The NBC moderator, Kristen Welker, has a weapon at her disposal never needed at previous debates: a mute button.
She has the ability to cut the audio of any candidate who doesn't follow the rules.
Donald Trump made 127 interruptions at the last debate, so that mute button could see a lot of action over the 90 minutes.
The last debate became a torrid affair:
But one point is shared by all strategists: Donald Trump must win this debate decisively if he has any chance of securing re-election.
The polls show him down by significant amounts, certainly beyond the margin of error.
In key battleground Midwestern states like Wisconsin, Michigan, and Pennsylvania Joe Biden is ahead and holding steady.
More ominous for Republicans, Biden has drawn level in Georgia and Iowa, and is close in Texas.
If Democrats win in these states, a Biden victory will become a landslide.
The Biden safety-first strategy has paid rich dividends.
The candidate known for his gaffes and his meandering anecdotes has barely put a foot wrong.
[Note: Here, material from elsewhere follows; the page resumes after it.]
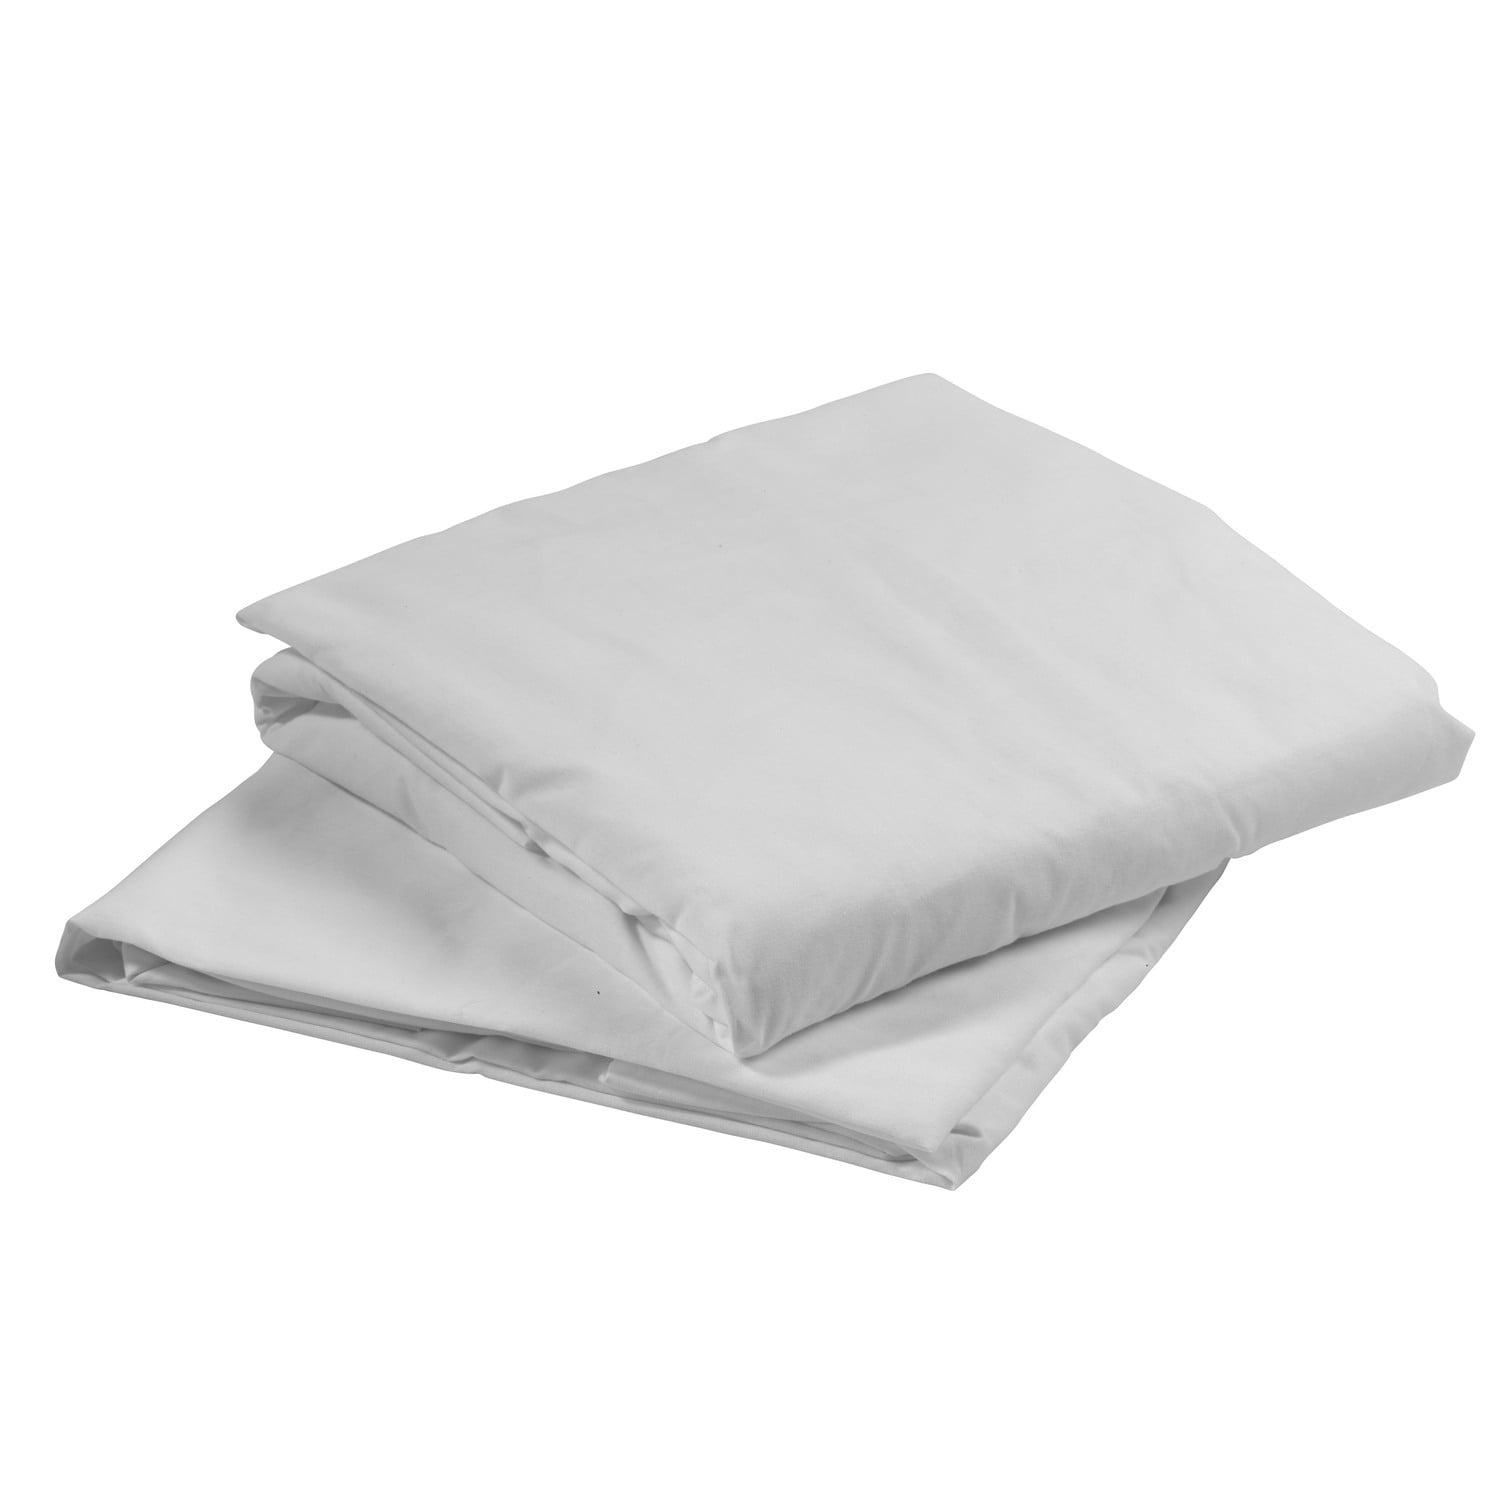 1  white medco hospital fitted healthcare bed sheet 36x75x10 best deal online

Democratic advisers have encouraged him to keep a low-profile and to use the coronavirus pandemic as the explanation for staying largely out of sight.
But on Thursday night that has to change.
There is no hiding in Nashville.
Biden must survive a 90-minute barrage without a blunder.
He must maintain his cool.
He cannot afford to take Trump's bait about his son Hunter's connections to Ukraine.
If Biden draws, he wins. And if he wins on Thursday night, he seems destined to be - at the grand old age of 78 - America's 46th President.